Information supplied =
▶

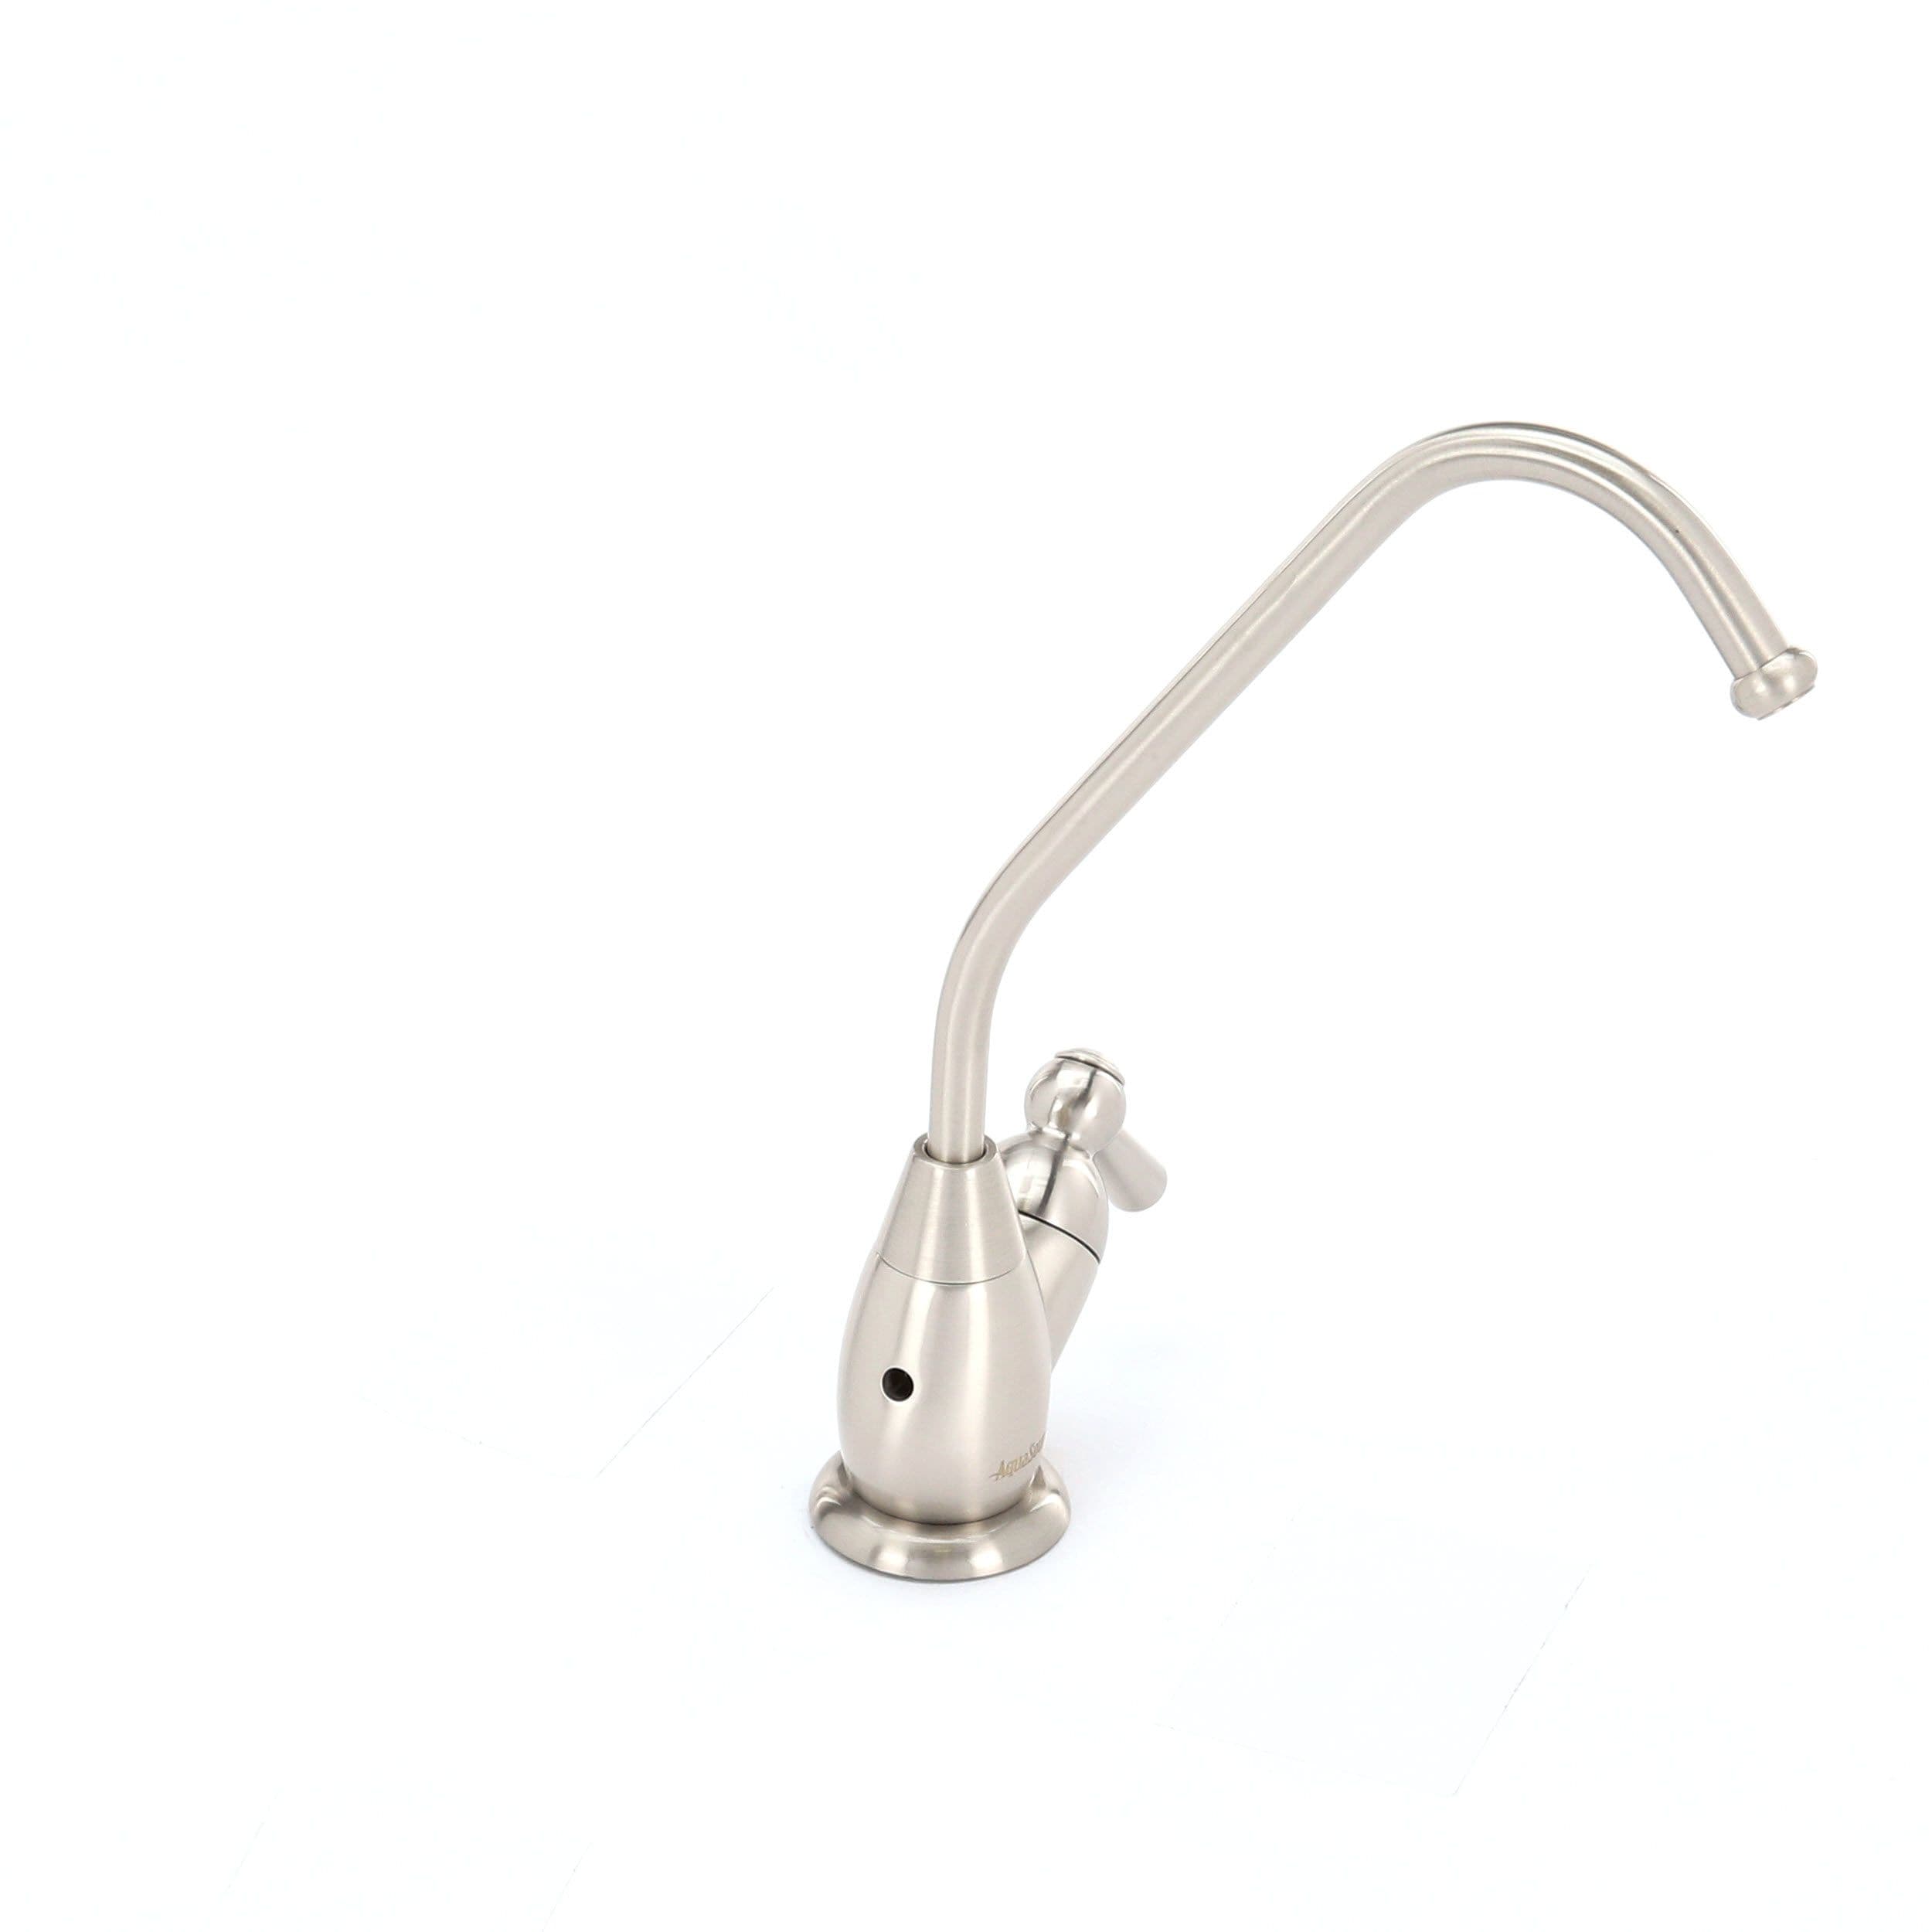 Cucina 9400-18-SN Acqua 1 Handle Cold Water Dispenser Faucet BRUSHED NICKEL PVD 
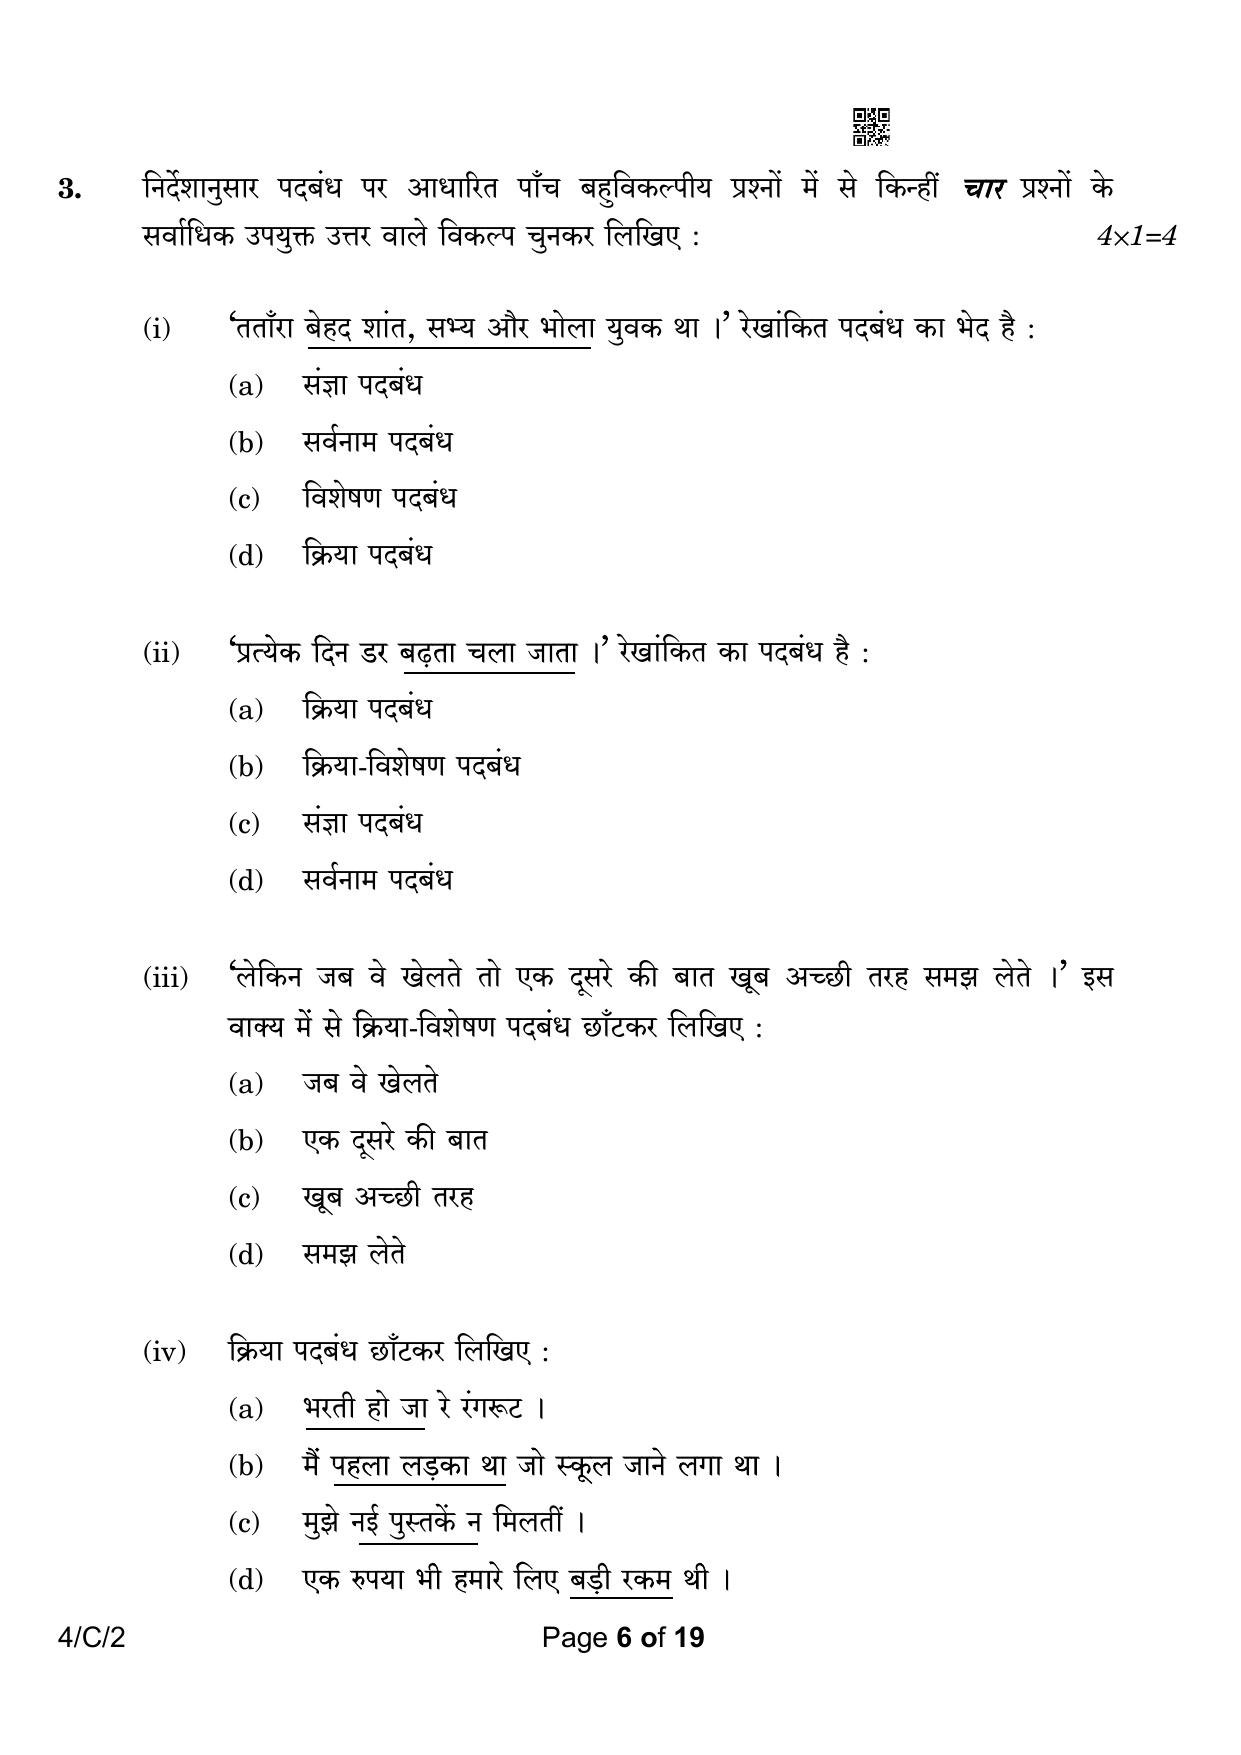 CBSE Class 10 4-2 Hindi B 2023 (Compartment) Question Paper - Page 6
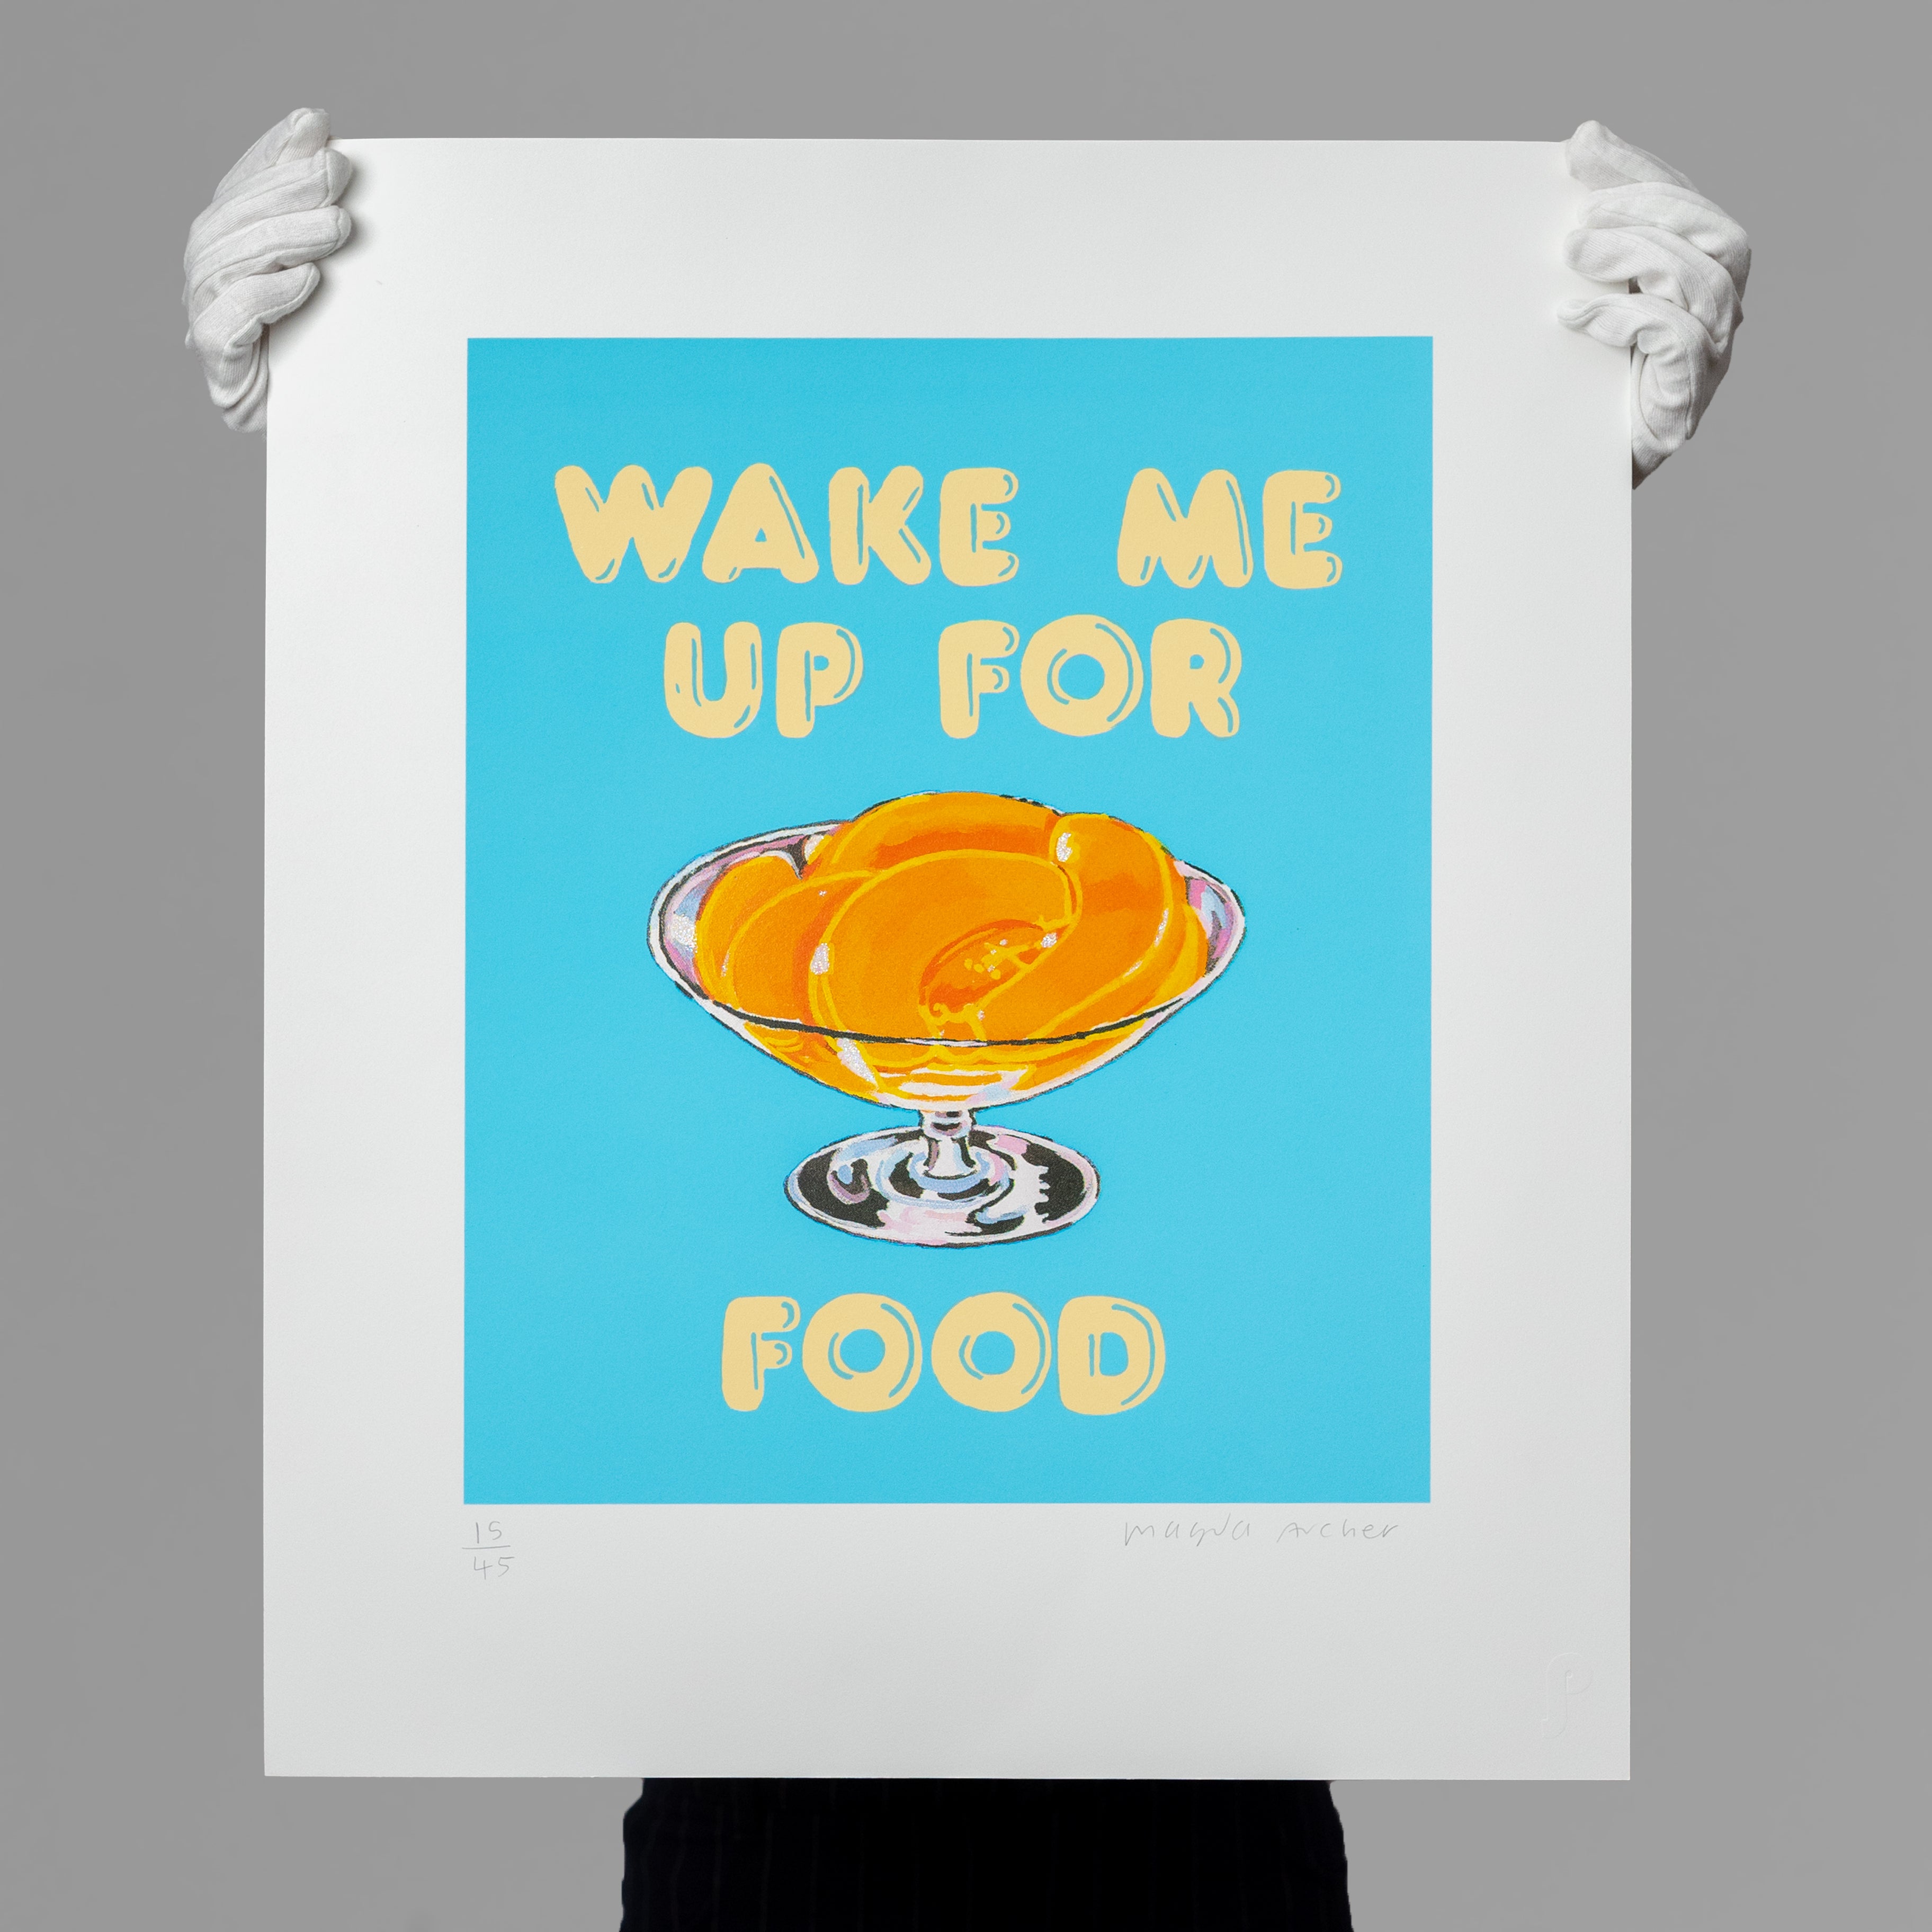 Magda Archer - Wake me up for Food

◀

How to complete this task = Copy the data character for character, but drop all pictures from the copy.

Output =
 Cucina 9400-18-SN Acqua 1 Handle Cold Water Dispenser Faucet BRUSHED NICKEL PVD 
 CBSE Class 10 4-2 Hindi B 2023 (Compartment) Question Paper - Page 6
 Magda Archer - Wake me up for Food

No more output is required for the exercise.